Consistent hashing
- Context and problem
Suppose we have n computers and want to distribute some data on those. By using naive hashing method, we may come up with a very simple solution hash(data) mode n to determine on which computer we should select for storing.
In case we add an extra computer, then nearly all of stored data n/(n+1) have to be reallocated => very expensive
- Solution - Consisten Hash
- Hash the number of computer and the data onto a circle.
- Start moving clockwise in the circle, put the data to the next computer
- In case a computer is down, just move those data to next one => only a fraction roughly 1/n of all of data need to be moved
Rendezvous hashing
- Context and problem
How can a set of clients agree on where in a set of sites (servers) to place a data?
- Solution - Highest Random Weight (HRW) Hashing
Each client computes the hash weights w1=hash(site1, data), w2=hash(site2, data), ...., wn=hash(siten, data) and select the site which yields the highest weight. If a site fails, the client just picks the site which yields the next highest value.
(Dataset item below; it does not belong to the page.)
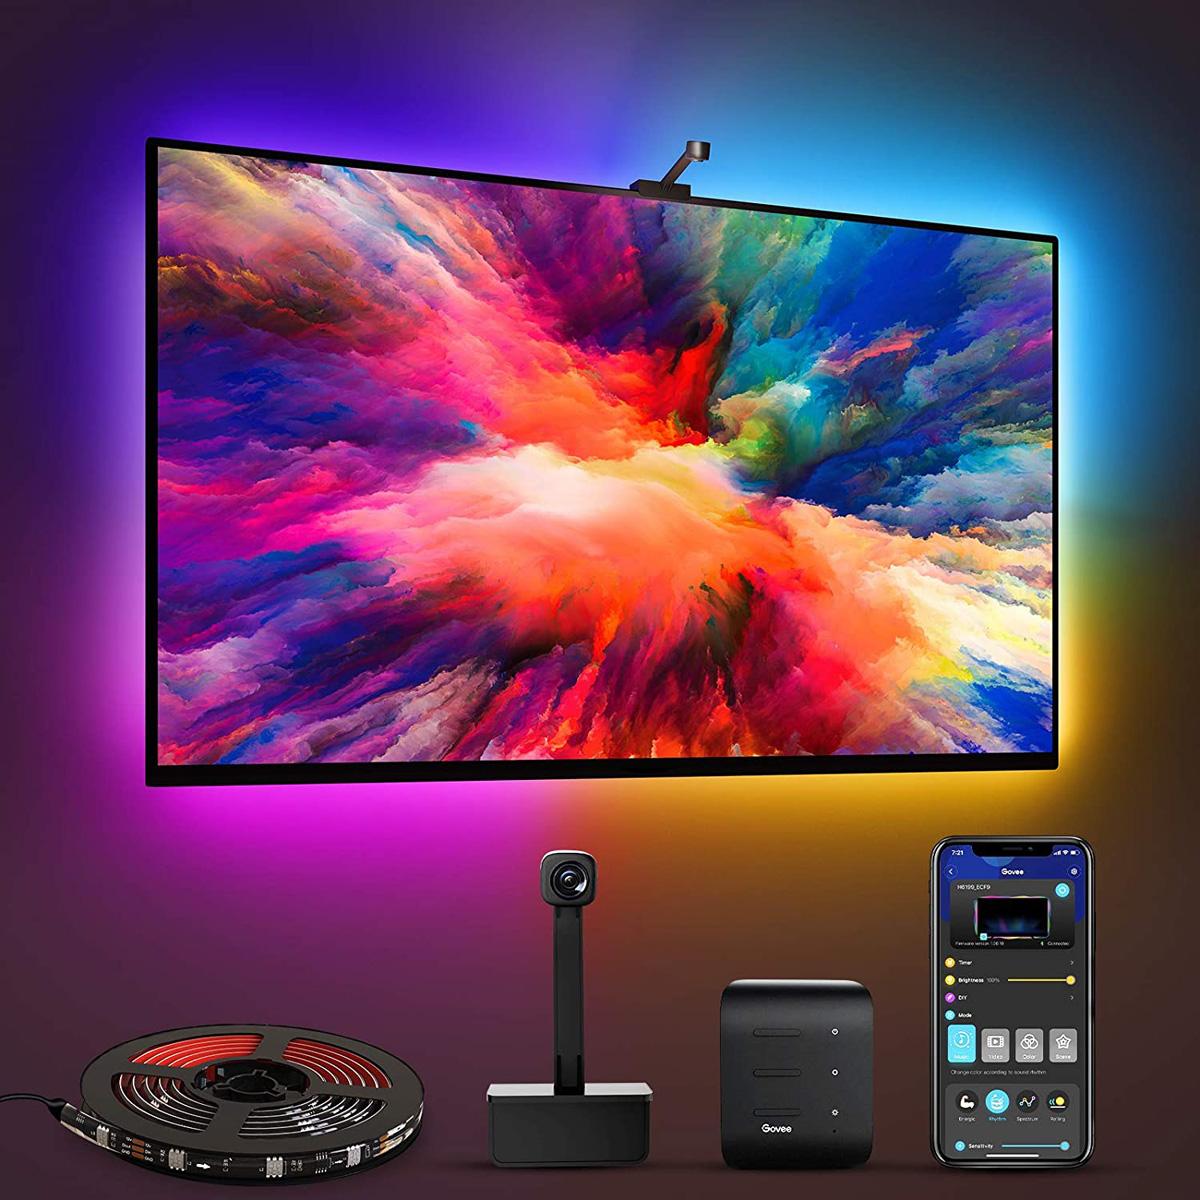 Govee Immersion WiFi TV LED Backlights with Camera for $48.99 Shipped

Note: In consistent hash method, if a server fails, all of its data will be moved to the next one => overload. Meanwhile, the HRW does not suffer this issue since its mechanism (using hash to determine the site) is random.
Tree of Caches - Harvest Cache
Cache is organized hierarchically. A user obtains a page by asking a nearby leaf cache. If neither this cache nor its siblings have the page, the request is forwarded to the cache's parent. If a page is stored by no cache in the tree, the request eventually reaches the root and is forwarded to the home site of the page.
Chord - P2P
In spite of loving to research the topics related to P2P area, I have no deep understanding the Chord algorithm. So I decided to learn it naturally, and beginning with a very short sentence: Chord specifies how keys are assigned to nodes and how a node can discover the value for a given key by first locating the node responsible for that key.